SSA can be used as a model-free technique so that it can be applied to arbitrary time series including non-stationary time series. The basic aim of SSA is to decompose the time series into the sum of interpretable components such as trend, periodic components and noise with no a-priori assumptions about the parametric form of these components.

Consider a real-valued time series ${\displaystyle \mathbb {X} =(x_{1},\ldots ,x_{N})}$ of length ${\displaystyle N}$. Let ${\displaystyle L}$ ${\displaystyle \ (1<L<N)}$ be some integer called the window length and ${\displaystyle K=N-L+1}$.

1st step: Embedding.

Form the trajectory matrix of the series ${\displaystyle \mathbb {X} }$, which is the ${\displaystyle L\!\times \!K}$ matrix

${\displaystyle \mathbf {X} =[X_{1}:\ldots :X_{K}]=(x_{ij})_{i,j=1}^{L,K}={\begin{bmatrix}x_{1}&x_{2}&x_{3}&\ldots &x_{K}\\x_{2}&x_{3}&x_{4}&\ldots &x_{K+1}\\x_{3}&x_{4}&x_{5}&\ldots &x_{K+2}\\\vdots &\vdots &\vdots &\ddots &\vdots \\x_{L}&x_{L+1}&x_{L+2}&\ldots &x_{N}\\\end{bmatrix}}}$

where ${\displaystyle X_{i}=(x_{i},\ldots ,x_{i+L-1})^{\mathrm {T} }\;\quad (1\leq i\leq K)}$ are lagged vectors of size ${\displaystyle L}$. The matrix ${\displaystyle \mathbf {X} }$ is Hankel which means that ${\displaystyle \mathbf {X} }$ has equal elements ${\displaystyle x_{ij}}$ on the anti-diagonals ${\displaystyle i+j=\,{\rm {const}}}$.

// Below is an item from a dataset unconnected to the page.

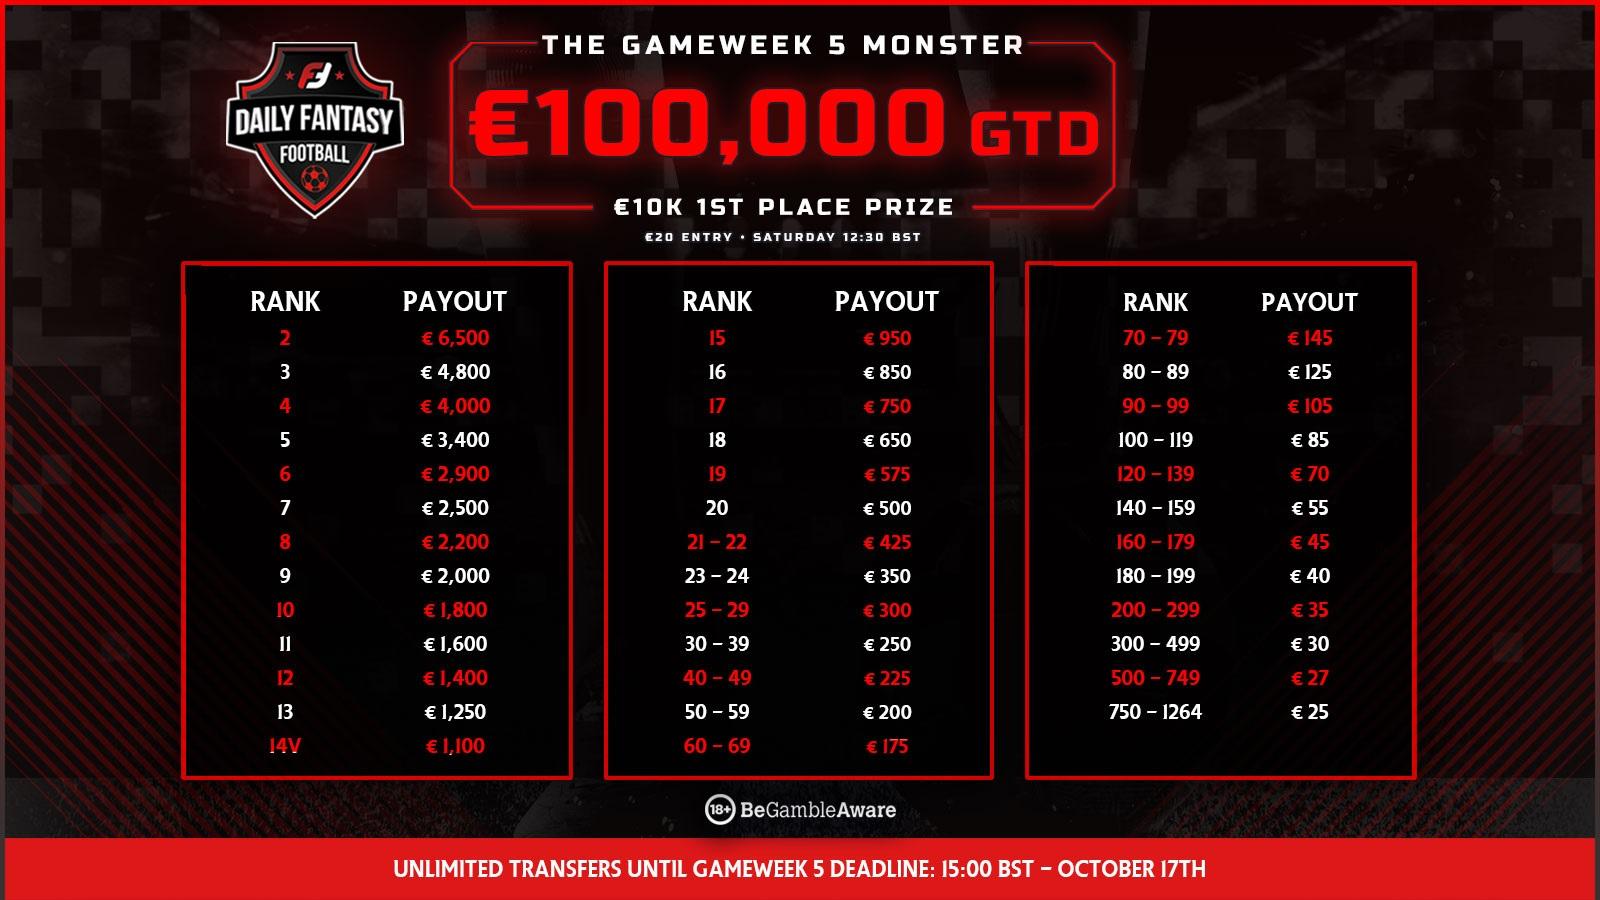 fanteam gameweek monster - gameweek 5 prize pool

2nd step: Singular value decomposition (SVD).

Perform the singular value decomposition (SVD) of the trajectory matrix ${\displaystyle \mathbf {X} }$. Set ${\displaystyle \mathbf {S} =\mathbf {X} \mathbf {X} ^{\mathrm {T} }}$ and denote by ${\displaystyle \lambda _{1},\ldots ,\lambda _{L}}$ the eigenvalues of ${\displaystyle \mathbf {S} }$ taken in the decreasing order of magnitude (${\displaystyle \lambda _{1}\geq \ldots \geq \lambda _{L}\geq 0}$) and by ${\displaystyle U_{1},\ldots ,U_{L}}$ the orthonormal system of the eigenvectors of the matrix ${\displaystyle \mathbf {S} }$ corresponding to these eigenvalues.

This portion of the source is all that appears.